What is the most sensible decision that can be made?


Solution

  • First of all, I want to mention that @Stephen Cleary's example works fine if the proxies are known at compile-time, but in my case they are known at runtime. I forgot to mention that in the question, so it's my fault.

    Thanks to @aepot for pointing out those stuff.

    That's the solution I came up with (credits @mcont):

    /// <summary>
    /// A wrapper class for <see cref="FlurlClient"/>, which solves socket exhaustion and DNS recycling.
    /// </summary>
    public class FlurlClientManager
    {
        /// <summary>
        /// Static collection, which stores the clients that are going to be reused.
        /// </summary>
        private static readonly ConcurrentDictionary<string, IFlurlClient> _clients = new ConcurrentDictionary<string, IFlurlClient>();
    
        /// <summary>
        /// Gets the available clients.
        /// </summary>
        /// <returns></returns>
        public ConcurrentDictionary<string, IFlurlClient> GetClients()
            => _clients;
    
        /// <summary>
        /// Creates a new client or gets an existing one.
        /// </summary>
        /// <param name="clientName">The client name.</param>
        /// <param name="proxy">The proxy URL.</param>
        /// <returns>The <see cref="FlurlClient"/>.</returns>
        public IFlurlClient CreateOrGetClient(string clientName, string proxy = null)
        {
            return _clients.AddOrUpdate(clientName, CreateClient(proxy), (_, client) =>
            {
                return client.IsDisposed ? CreateClient(proxy) : client;
            });
        }
    
        /// <summary>
        /// Disposes a client. This leaves a socket in TIME_WAIT state for 240 seconds but it's necessary in case a client has to be removed from the list.
        /// </summary>
        /// <param name="clientName">The client name.</param>
        /// <returns>Returns true if the operation is successful.</returns>
        public bool DeleteClient(string clientName)
        {
            var client = _clients[clientName];
            client.Dispose();
            return _clients.TryRemove(clientName, out _);
        }
    
        private IFlurlClient CreateClient(string proxy = null)
        {
            var handler = new SocketsHttpHandler()
            {
                Proxy = proxy != null ? new WebProxy(proxy, true) : null,
                PooledConnectionLifetime = TimeSpan.FromMinutes(10)
            };
    
            var client = new HttpClient(handler);
    
            return new FlurlClient(client);
        }
    }
    

    A proxy per request means an additional socket for each request (another HttpClient instance).

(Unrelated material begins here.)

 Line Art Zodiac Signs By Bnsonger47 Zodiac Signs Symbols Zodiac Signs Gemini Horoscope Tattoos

    In the solution above, ConcurrentDictionary is used to store the HttpClients, so I can reuse them, which is the exact point of HttpClient. I could use same proxy for 5 requests, before it gets blocked by API limitations. I forgot to mention that in the question as well.

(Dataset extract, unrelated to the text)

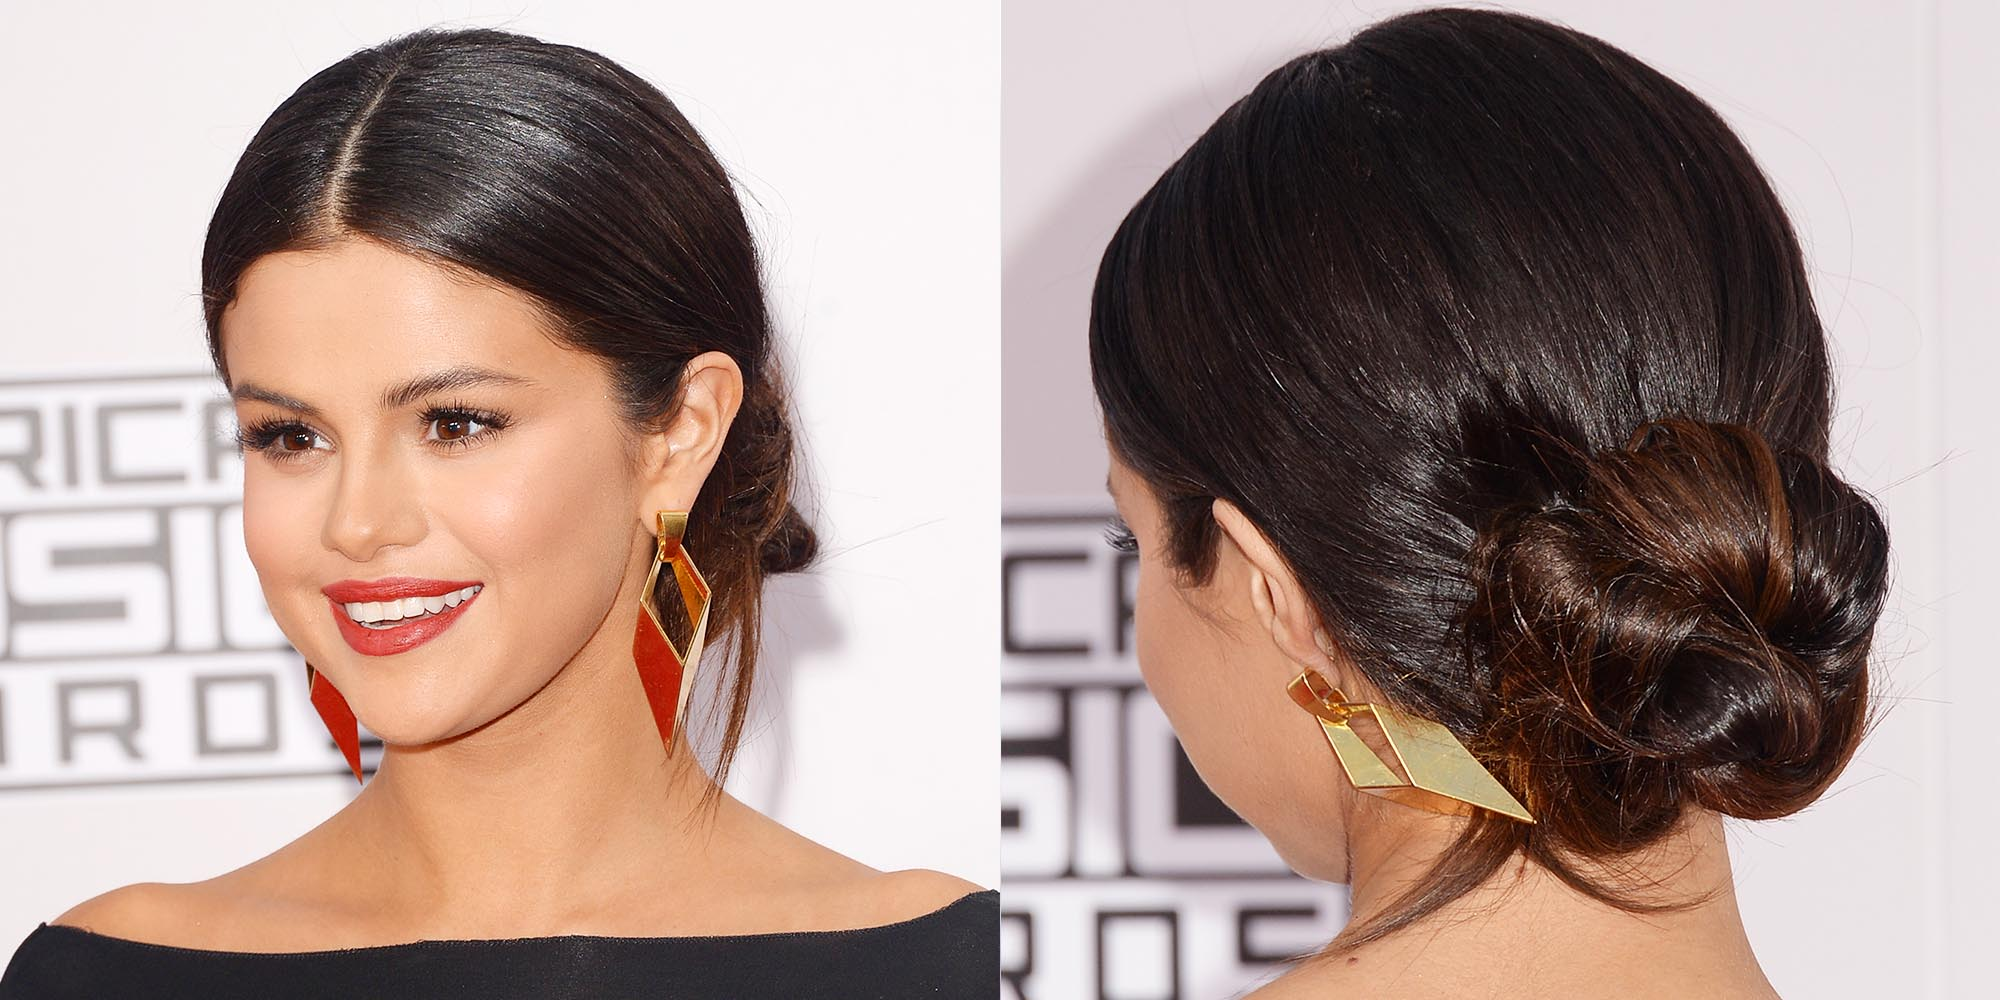 Wondrous Best Selena Gomez Hairstyles 32 Hair Ideas From Selena Gomez Short Hairstyles Gunalazisus

    As you've seen, there are two solutions solving socket exhaustion and DNS recycling: IHttpClientFactory and SocketsHttpHandler. The first one doesn't suit my case, because the proxies I'm using are known at runtime, not at compile-time. The solution above uses the second way.

    For those who have same issue, you can read the following issue on GitHub. It explains everything.

    I'm open-minded for improvements, so poke me.